-- Opening Marker --

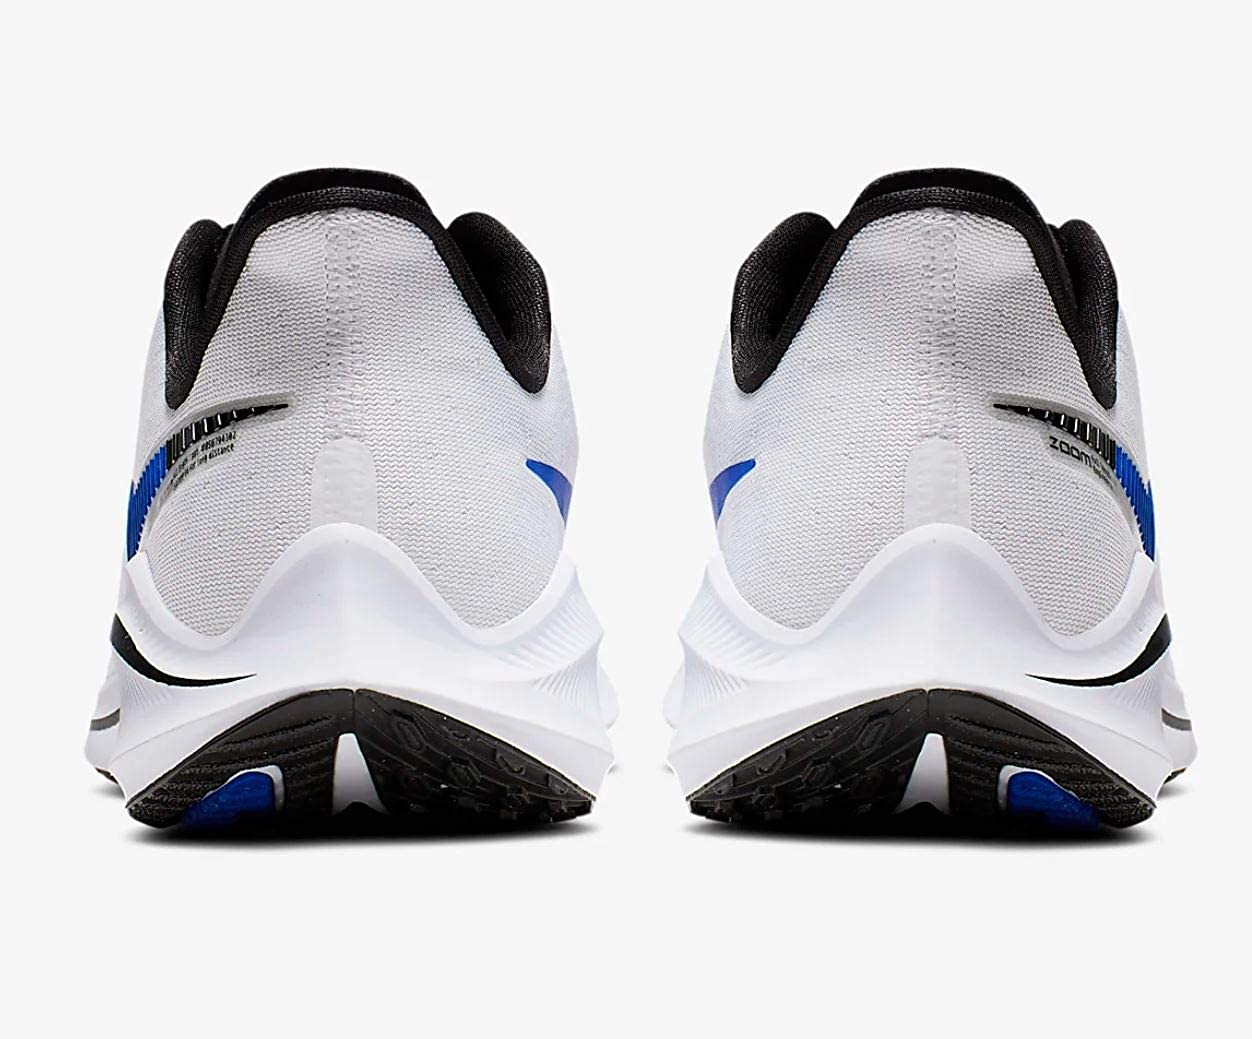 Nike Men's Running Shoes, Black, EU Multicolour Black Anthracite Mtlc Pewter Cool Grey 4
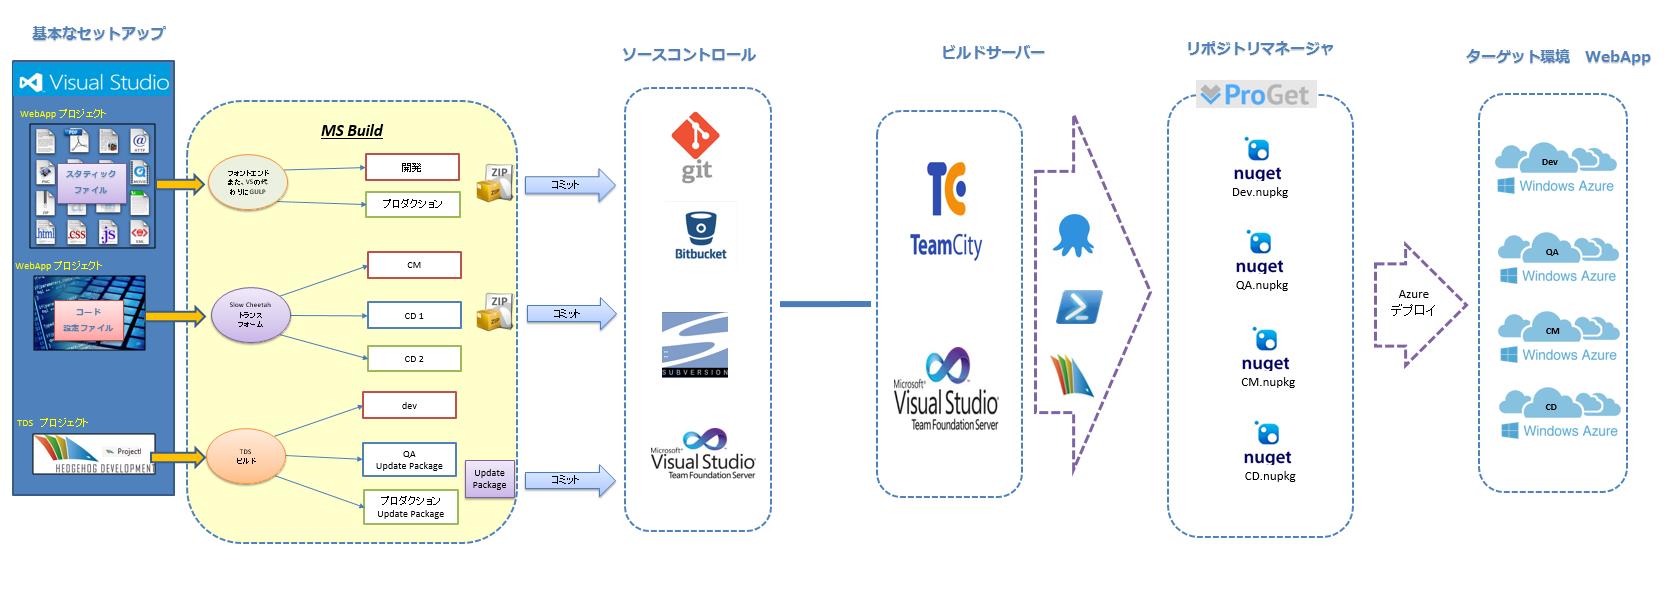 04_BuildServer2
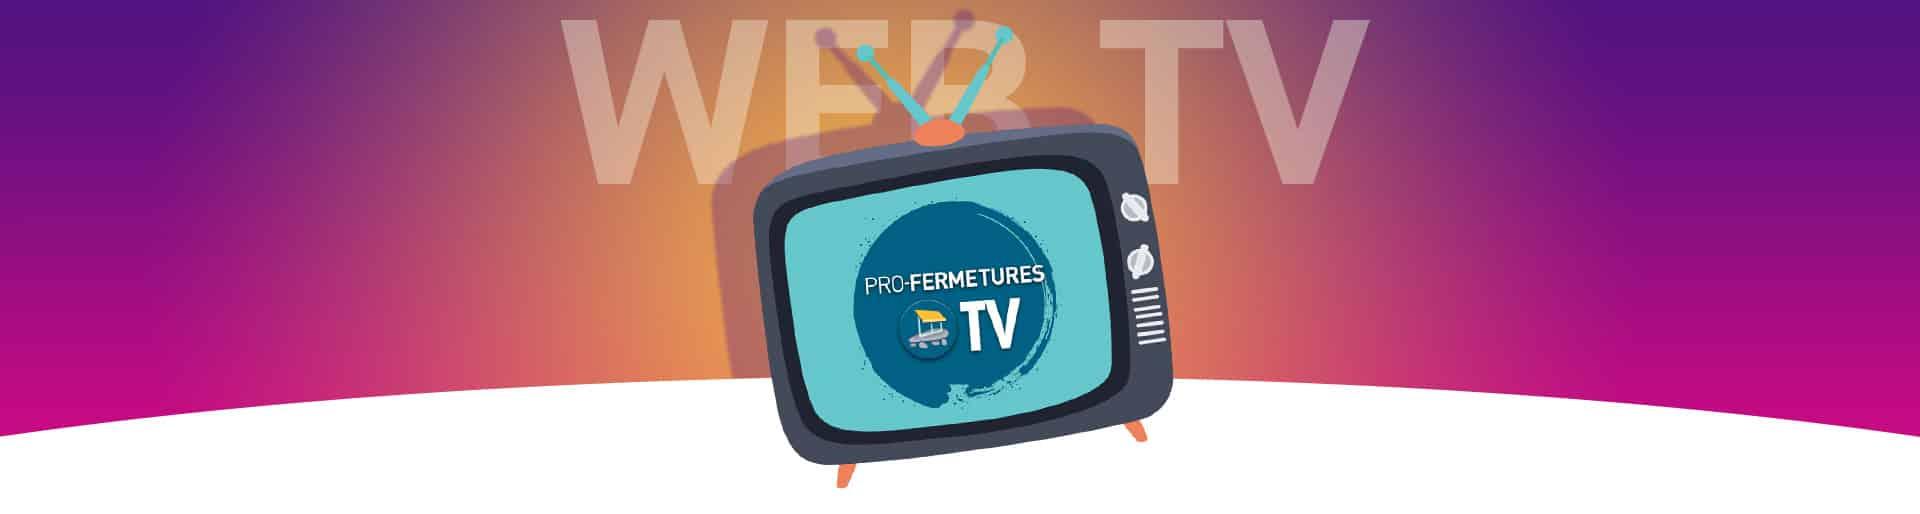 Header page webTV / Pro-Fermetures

-- Closing Marker --

[Assigned task]: Retype each line above precisely, please. Skip anything that is a picture.

[Response area]:
 Nike Men's Running Shoes, Black, EU Multicolour Black Anthracite Mtlc Pewter Cool Grey 4
 04_BuildServer2
 Header page webTV / Pro-Fermetures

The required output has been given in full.